• _DATASET SECTION_
_____
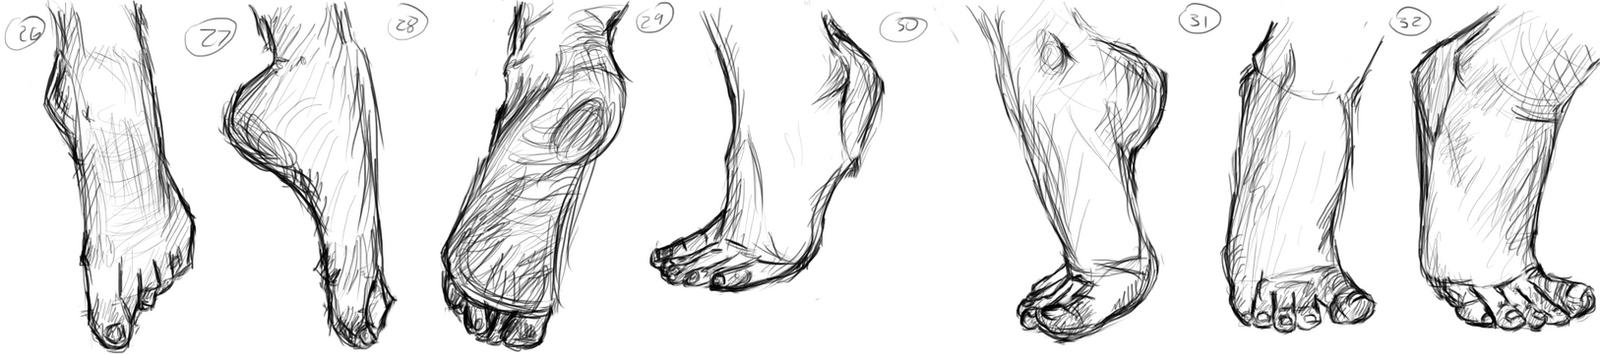 Feet (26-32) by muslacrima
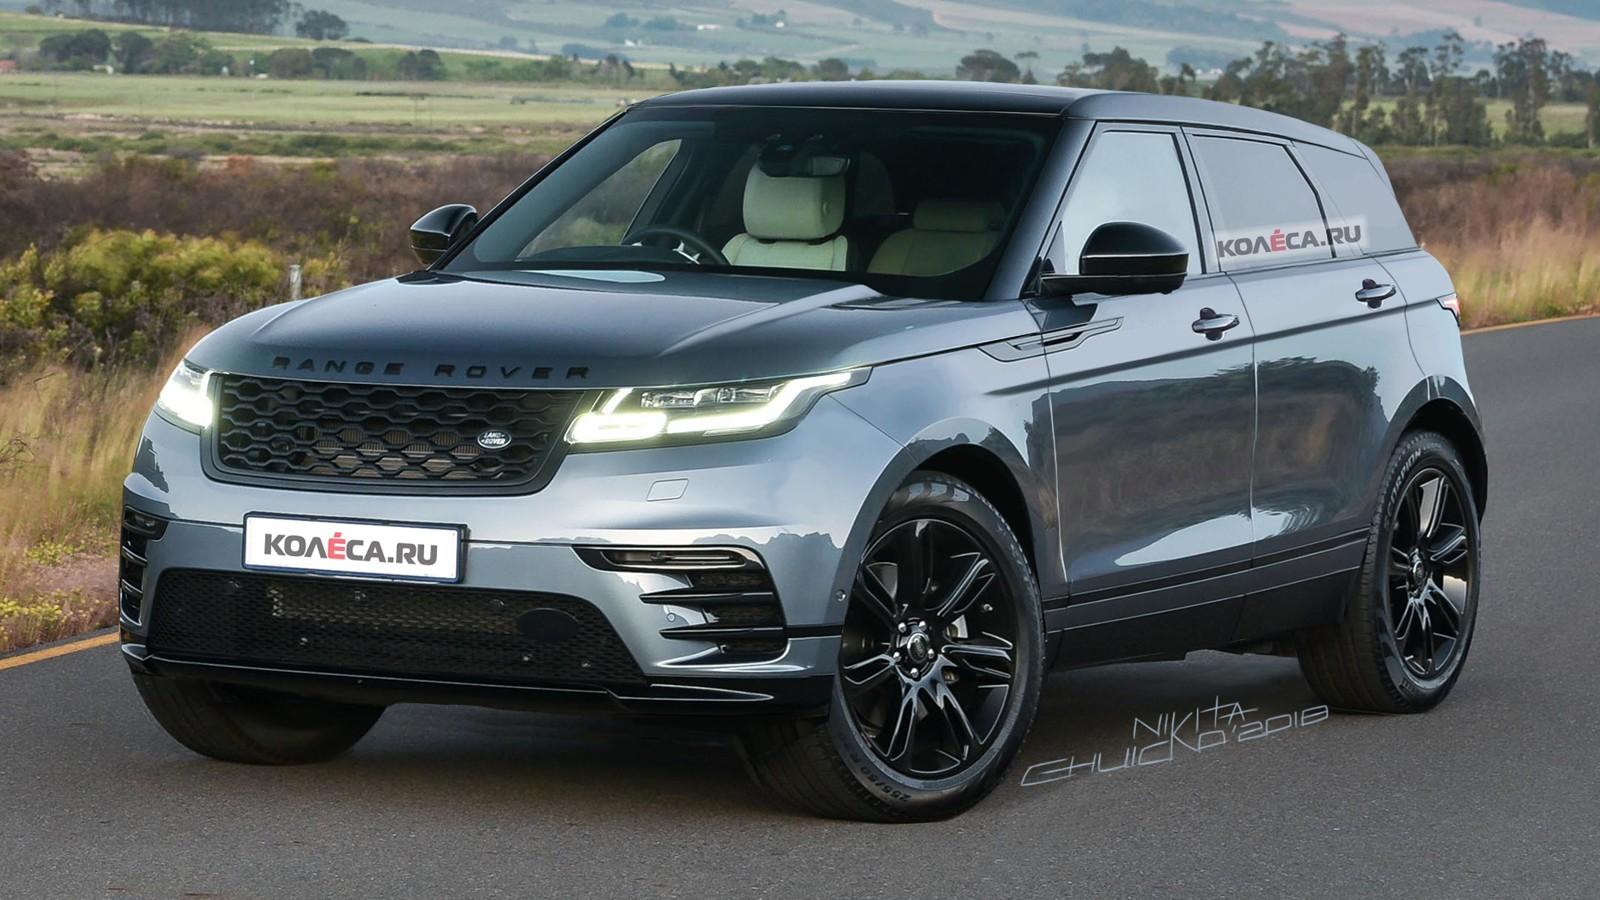 Range Rover Evoque front2
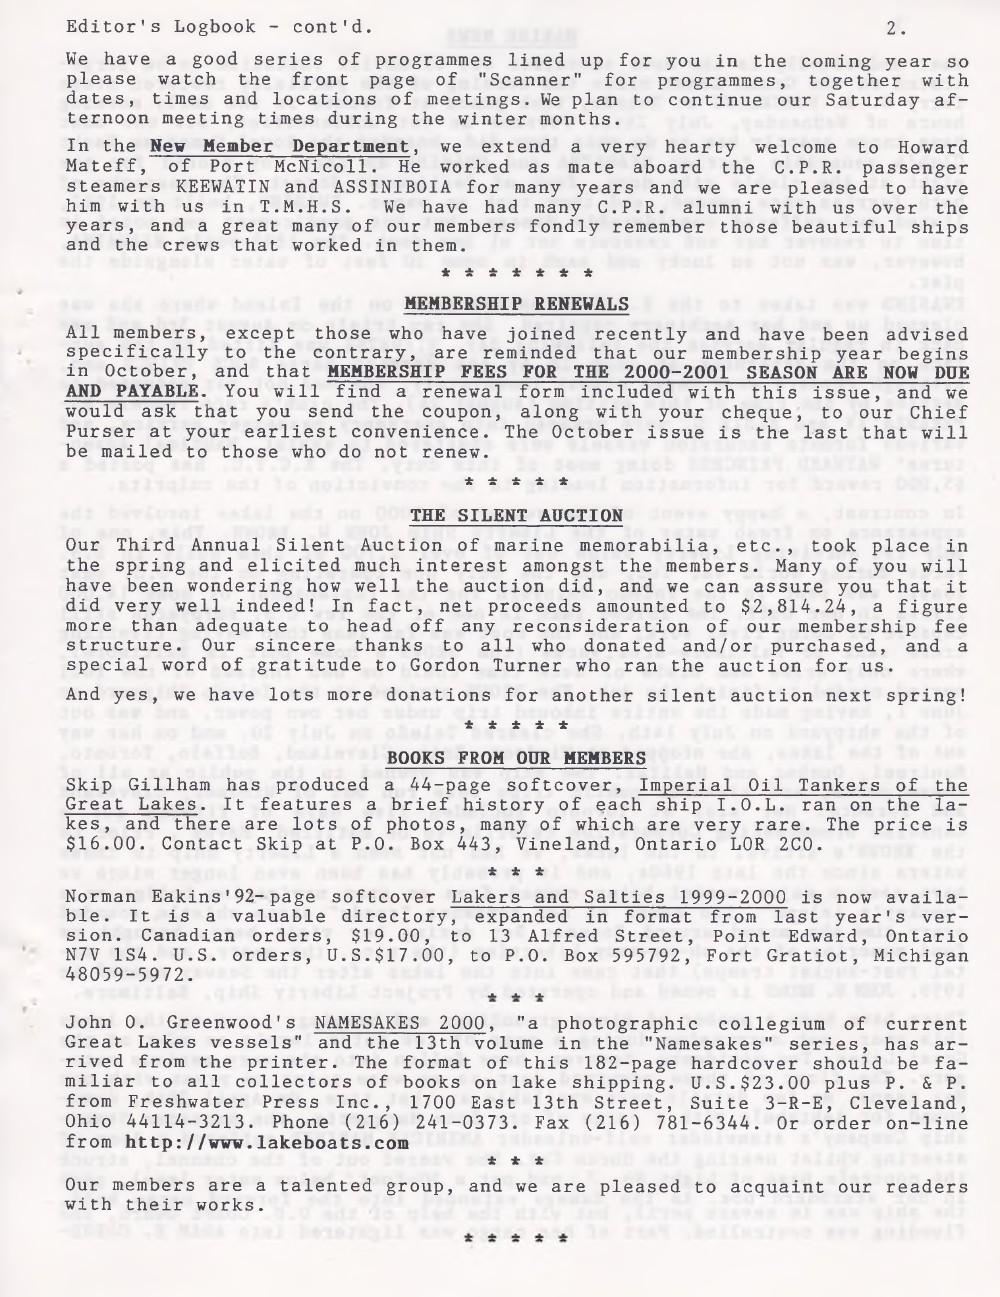 Scanner, v. 32, no. 9 (Mid-Summer 2000)
_____
• _WHAT YOU HAVE TO DO_
Each line of the listing above belongs in the answer exactly as written; the pictures do not.

• _RESULT FOR THIS EXERCISE_
 Feet (26-32) by muslacrima
 Range Rover Evoque front2
 Scanner, v. 32, no. 9 (Mid-Summer 2000)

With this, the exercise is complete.